In your copy of the listing below, reproduce each word exactly and include no pictures.

> Source material:
== == ==
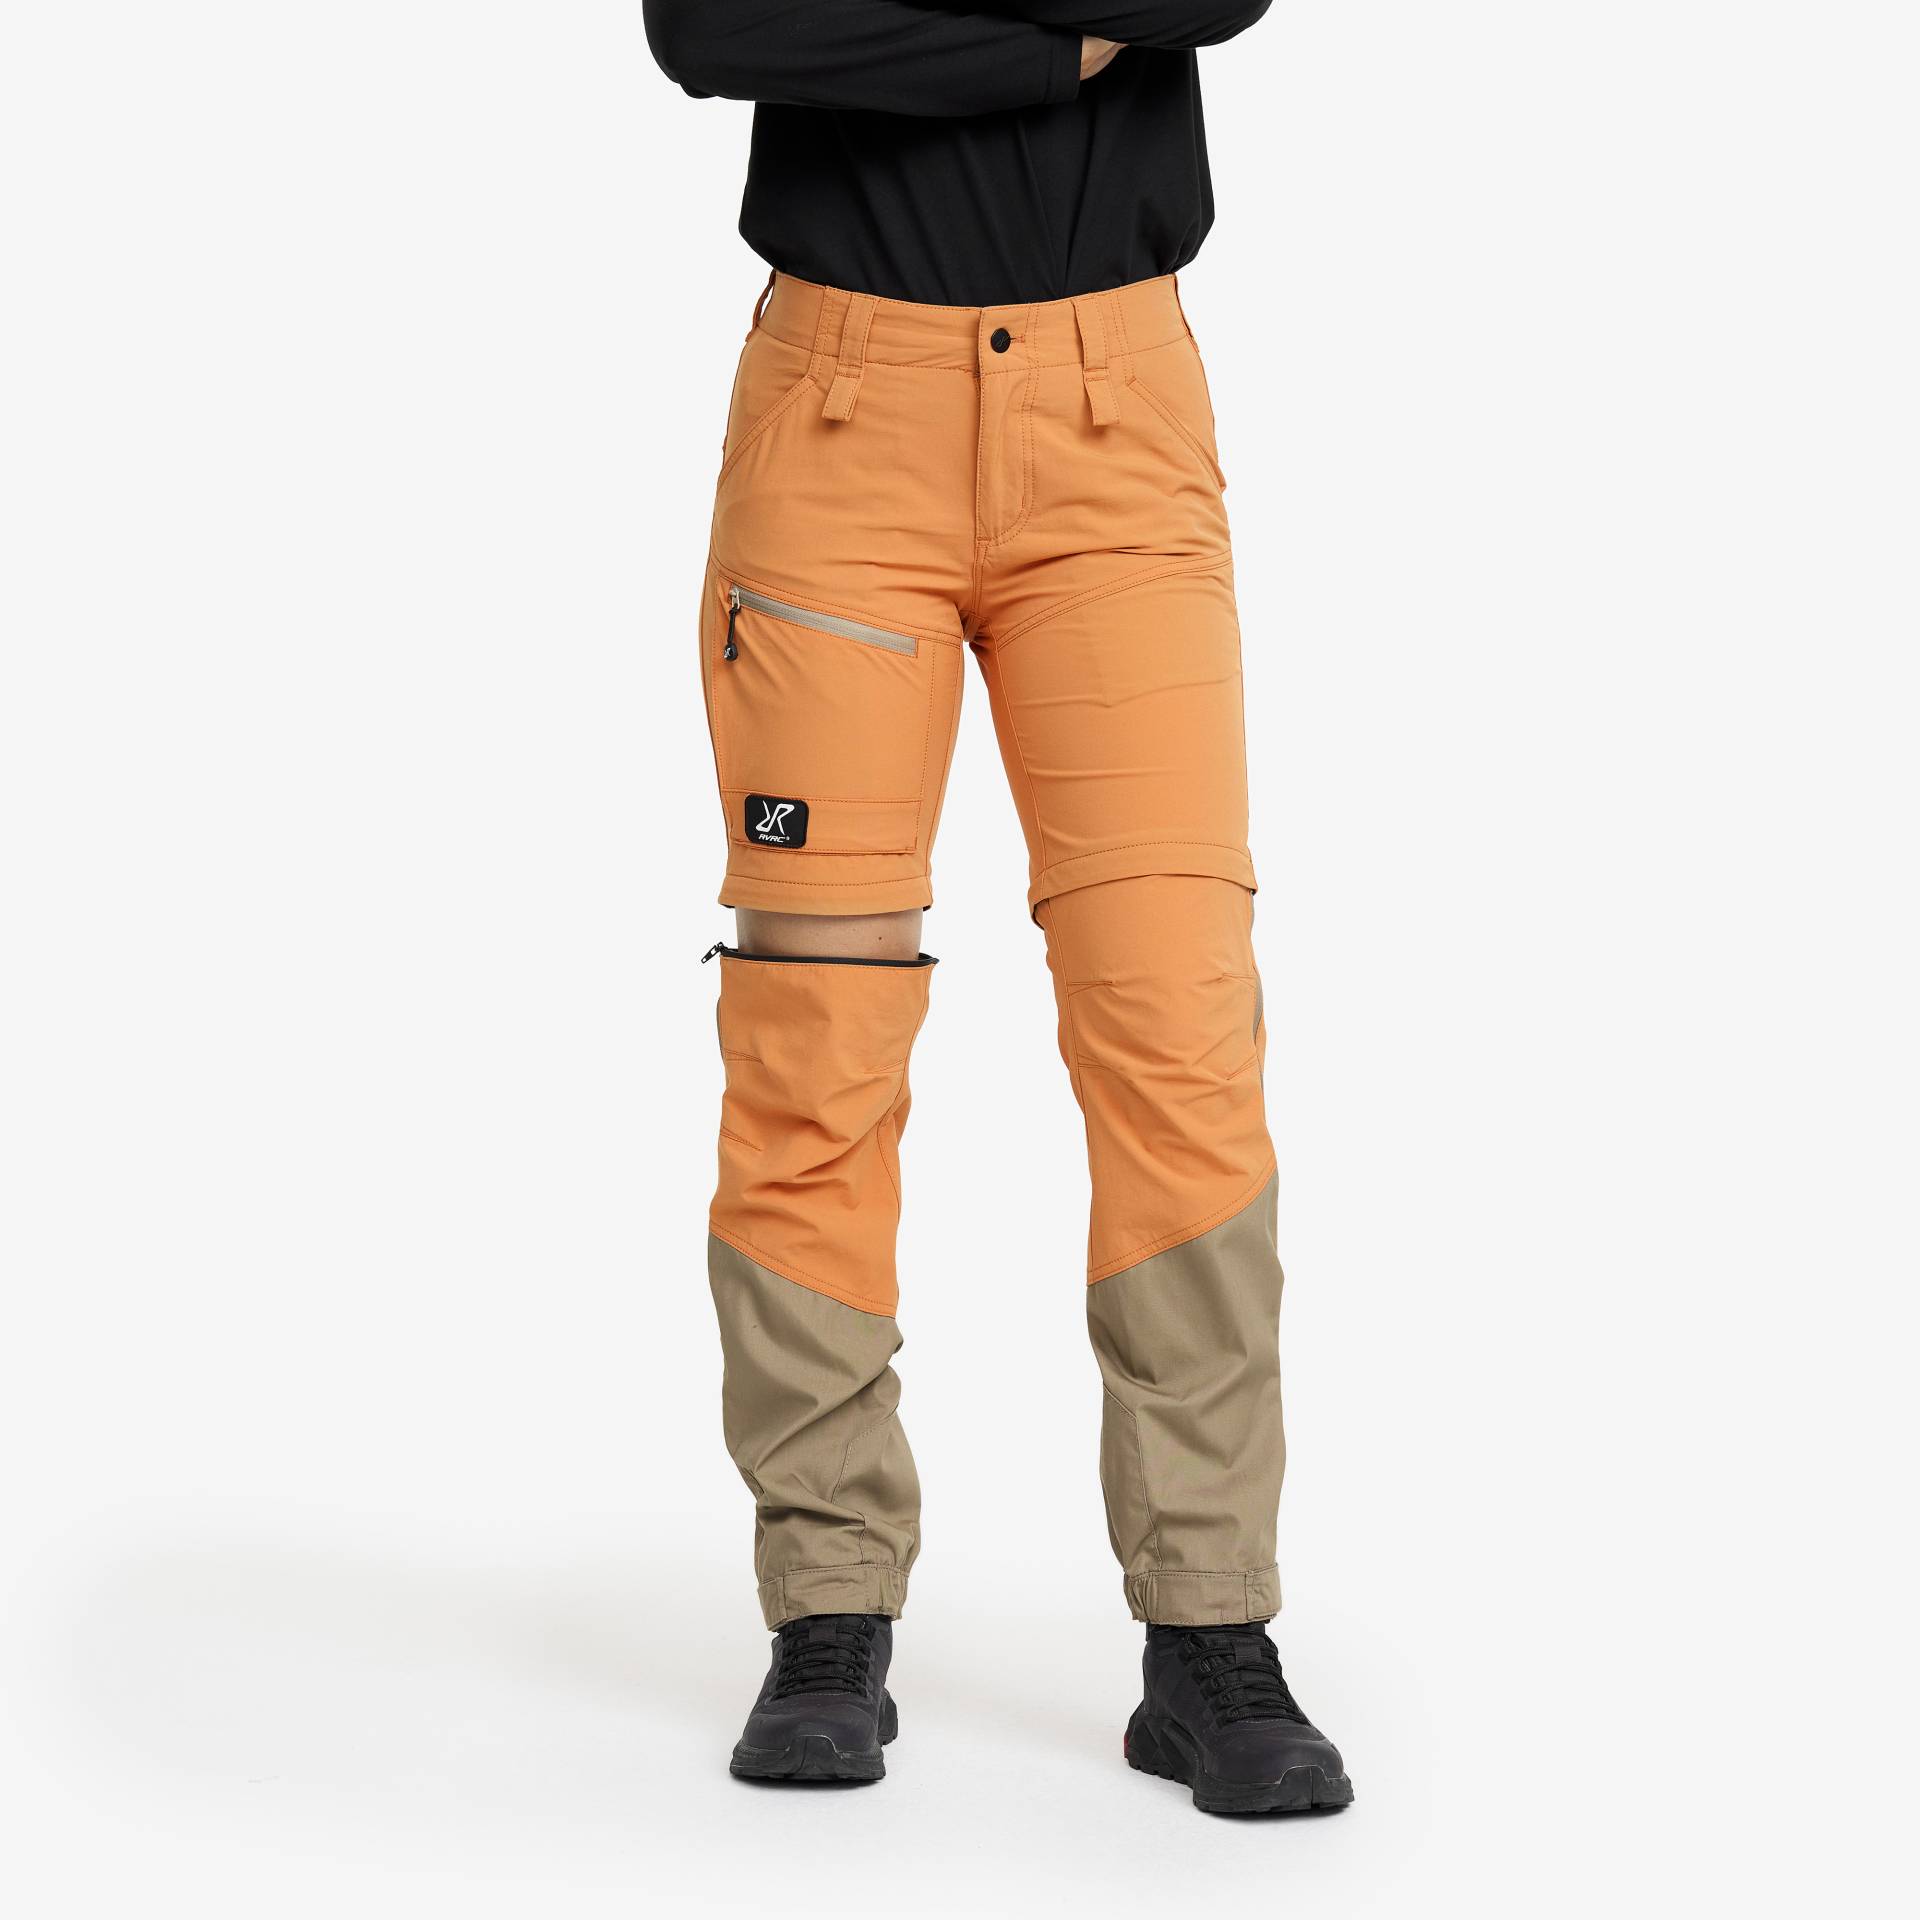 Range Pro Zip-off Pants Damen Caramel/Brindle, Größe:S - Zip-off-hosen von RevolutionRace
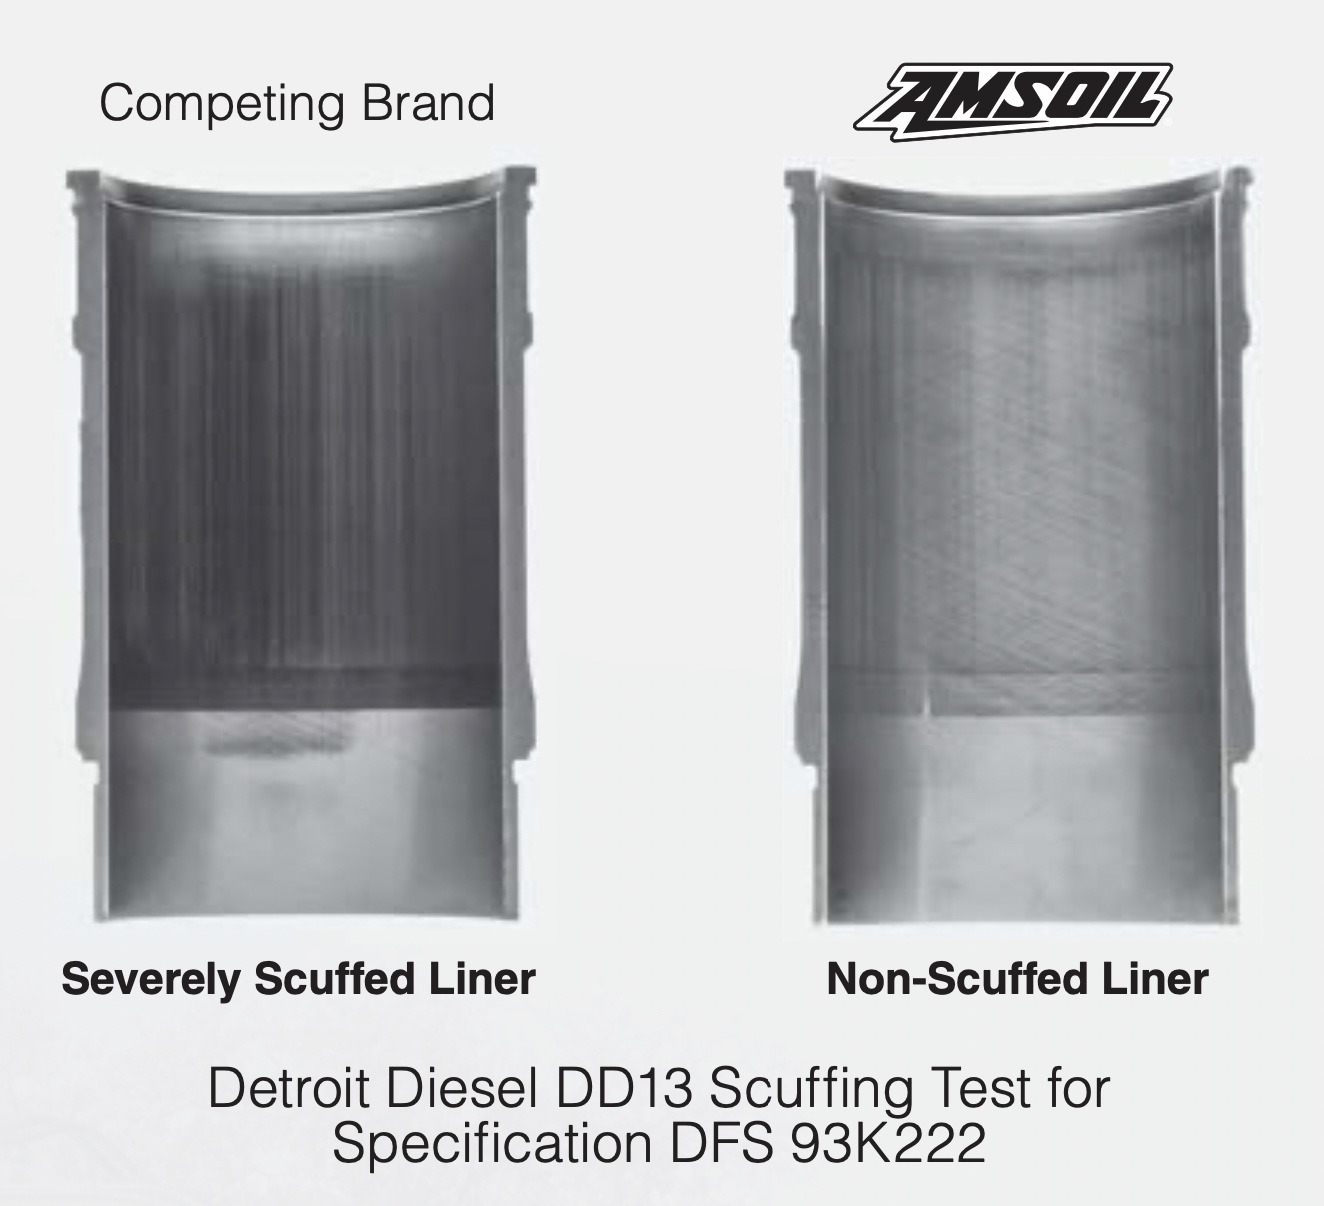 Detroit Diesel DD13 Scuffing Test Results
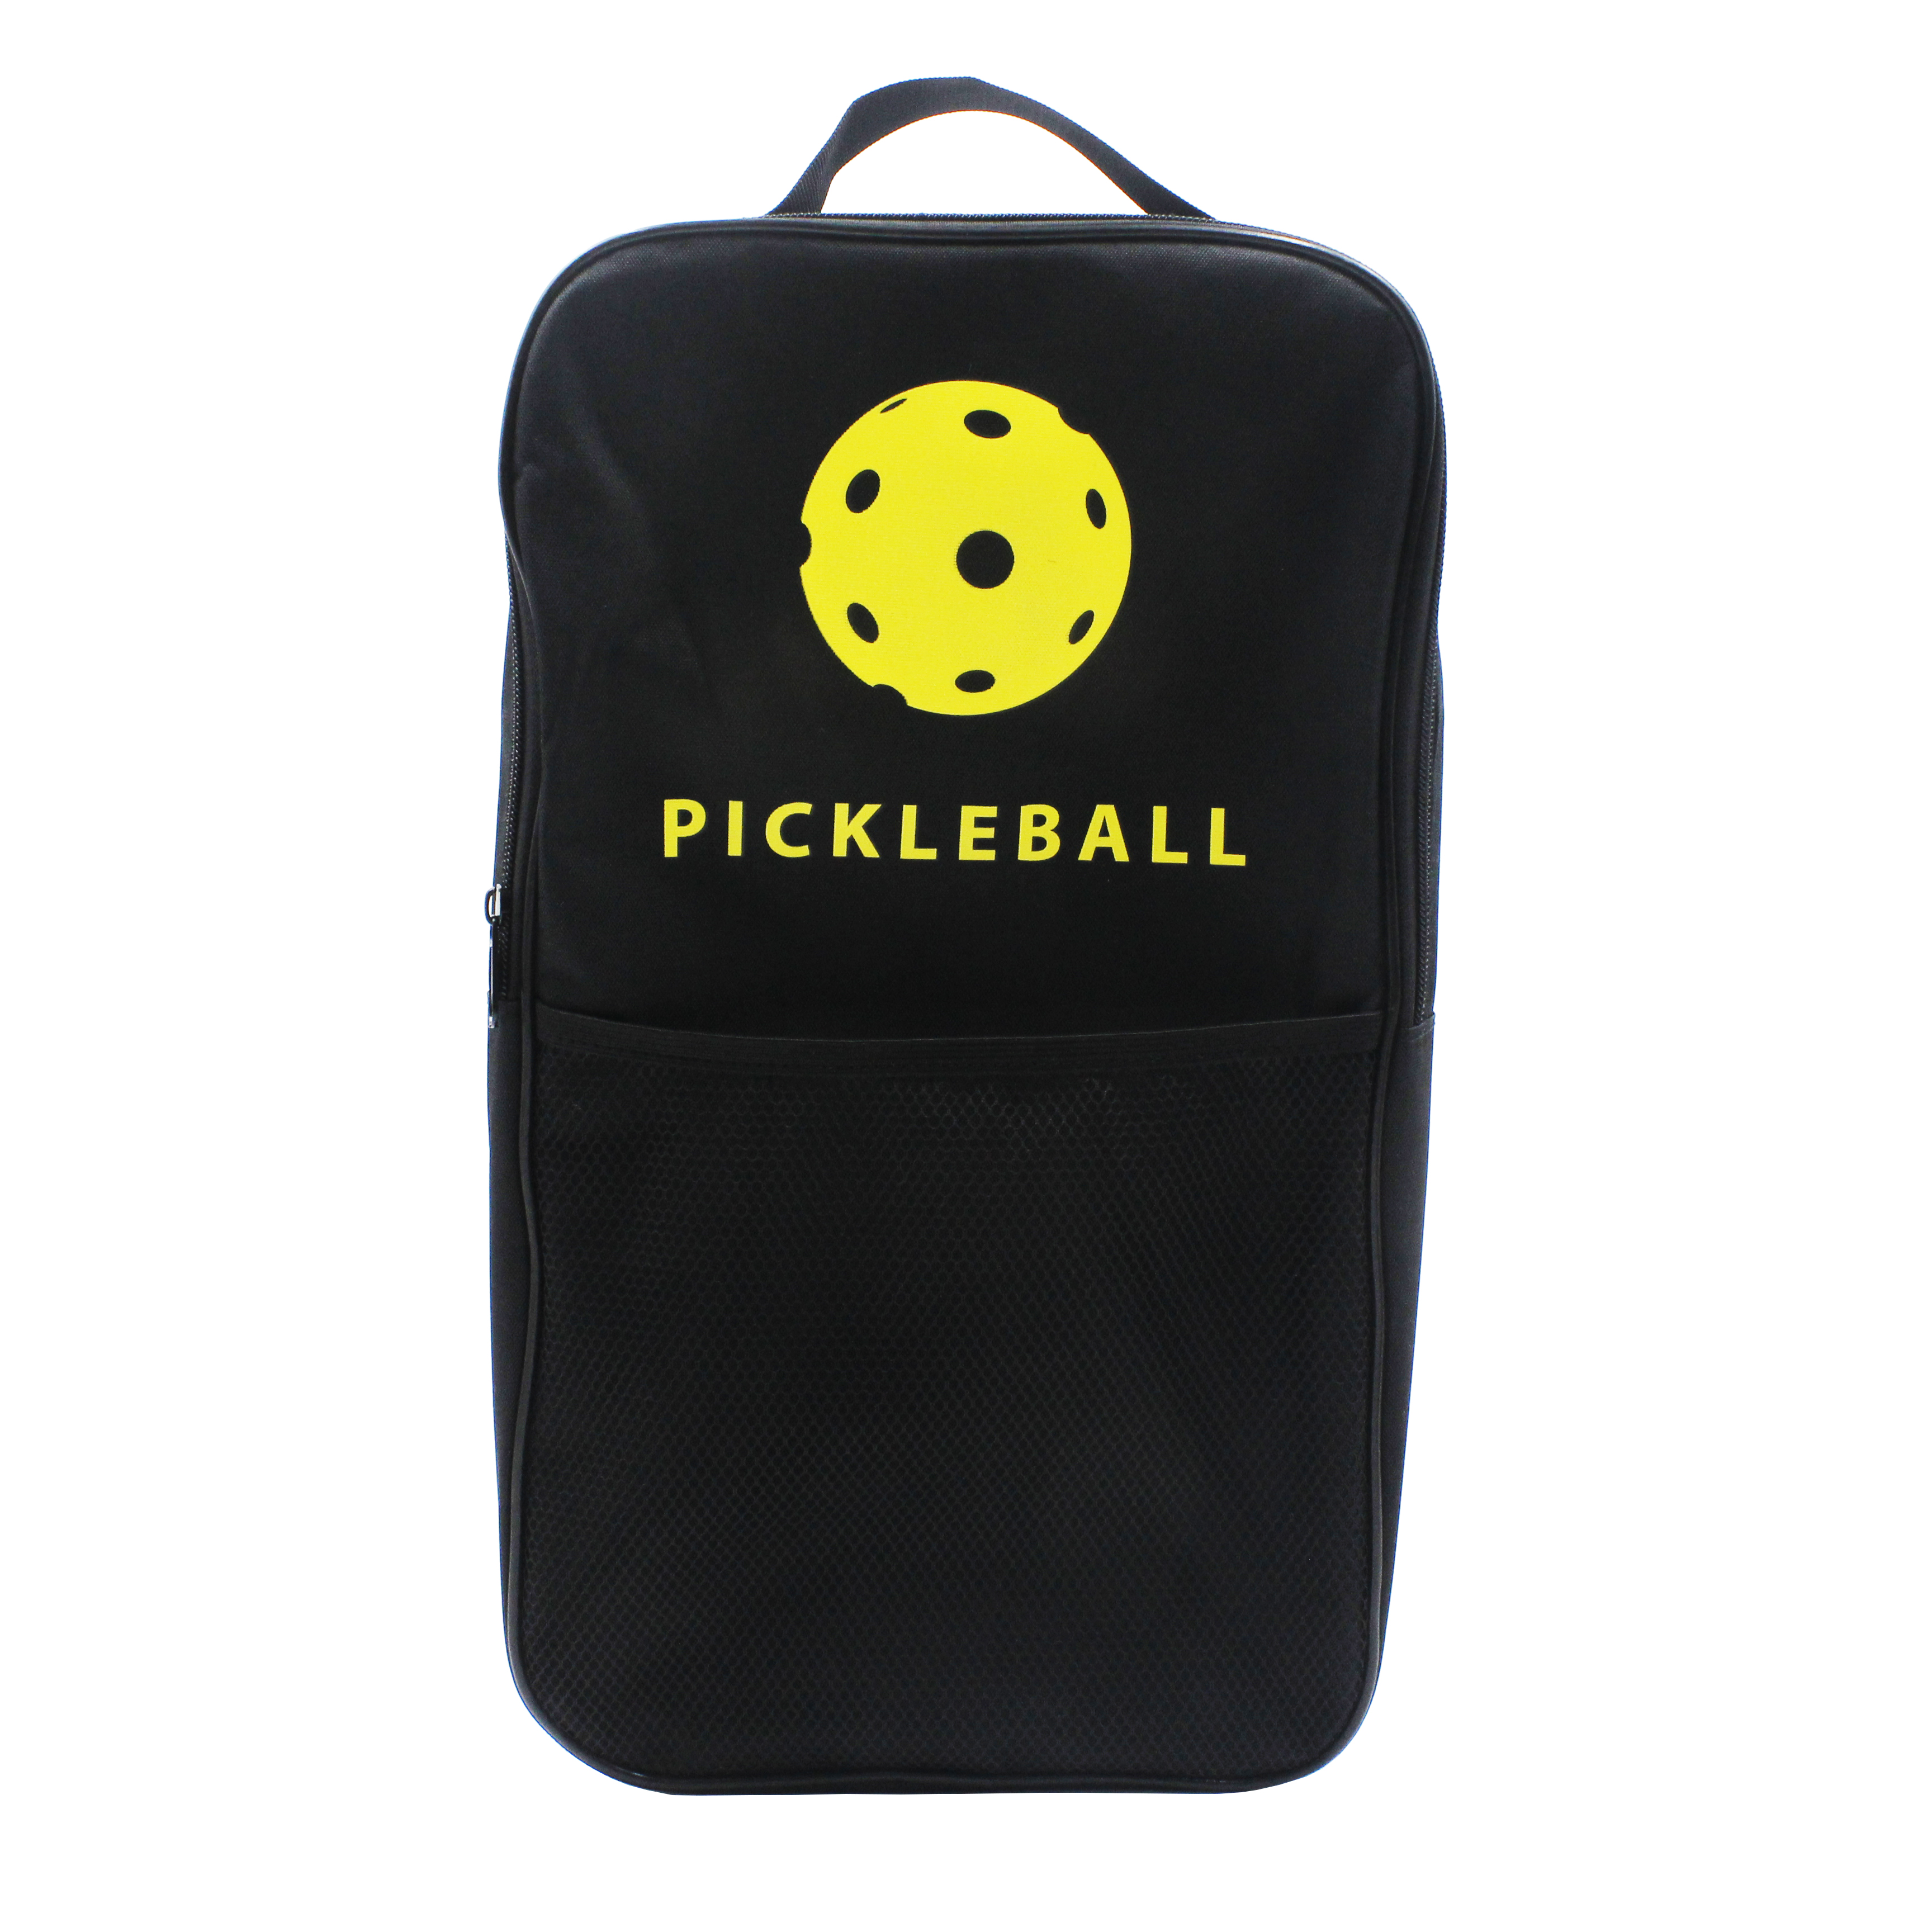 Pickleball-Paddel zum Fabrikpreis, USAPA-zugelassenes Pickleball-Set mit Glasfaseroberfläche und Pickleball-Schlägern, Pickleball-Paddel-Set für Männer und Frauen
== == ==
> Result of this exercise:
 Range Pro Zip-off Pants Damen Caramel/Brindle, Größe:S - Zip-off-hosen von RevolutionRace
 Detroit Diesel DD13 Scuffing Test Results
 Pickleball-Paddel zum Fabrikpreis, USAPA-zugelassenes Pickleball-Set mit Glasfaseroberfläche und Pickleball-Schlägern, Pickleball-Paddel-Set für Männer und Frauen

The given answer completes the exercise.